# Anyone know how to Mirror Iphone to RNS-510??



## initiala4 (Oct 6, 2005)

I have an RNS-510 with Dynaudio + OEM rear camera. 

Has anyone done this? I have seen numerous youtube video on this.

What do I need to mirror my Iphone to RNS-510?

TIA!


----------



## Mp3Supply (Aug 30, 2004)

I'm watching the KIVIC One as it will support airplay (and more) for iPhones. This would be a wireless solution after you installed it in your car. 

http://www.kivic-one.com/eng/1-1.html


----------



## Mp3Supply (Aug 30, 2004)

The mirroring will only allow you to mirror the display, not actually control the functions on the phone. So it seems rather pointless if its just to mirror the display since you still need to touch the phone. You'll see videos on youtube with the RNS-510 but they are all Chinese and I'm almost certain they are modified units (HW and maybe even firmware too).

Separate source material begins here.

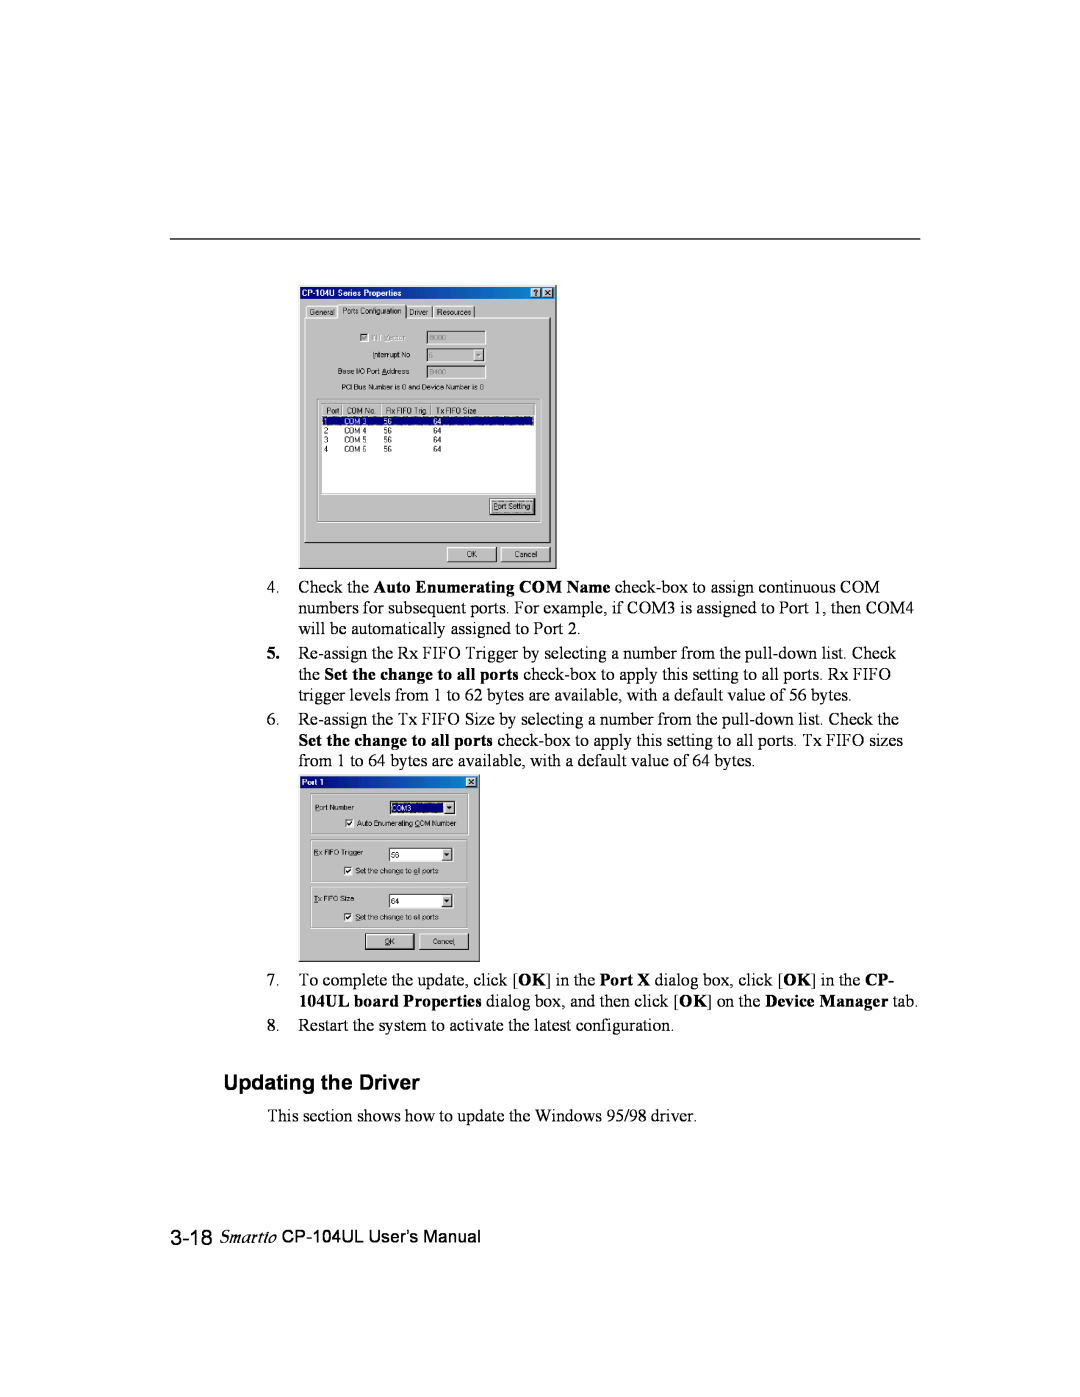 Moxa Technologies user manual Smartio CP-104UL User’s Manual

What you'll want to look up is SMI (Smartphone Mirroring Interface). Here is a link to a companies PDF which would show you all the connection points using their interface. It's not 1:1 for the RNS but it'll give you an idea......

http://qdis.co.kr/wp-content/uploads/2012/06/SMI_V2_EN_120621.pdf

Essentially you need to take the composite and plug it into an additional piece of hardware. Have that hardware convert the signal to HDMI and then HDMI into Apple Lightening connector (if you have a 5s otherwise it'd be a 20pin adapter)

Ideally you want an module or interface that will allow you to tuck the phone away or keep in your pants (your parents always told you to keep it in your pants ) and shoot the phones interface on the head unit and then allow you to control it.


----------



## siruba (Feb 18, 2009)

There are numerous Korean and Chinese manufacturers making video input interfaces for RNS510 and even RCD510.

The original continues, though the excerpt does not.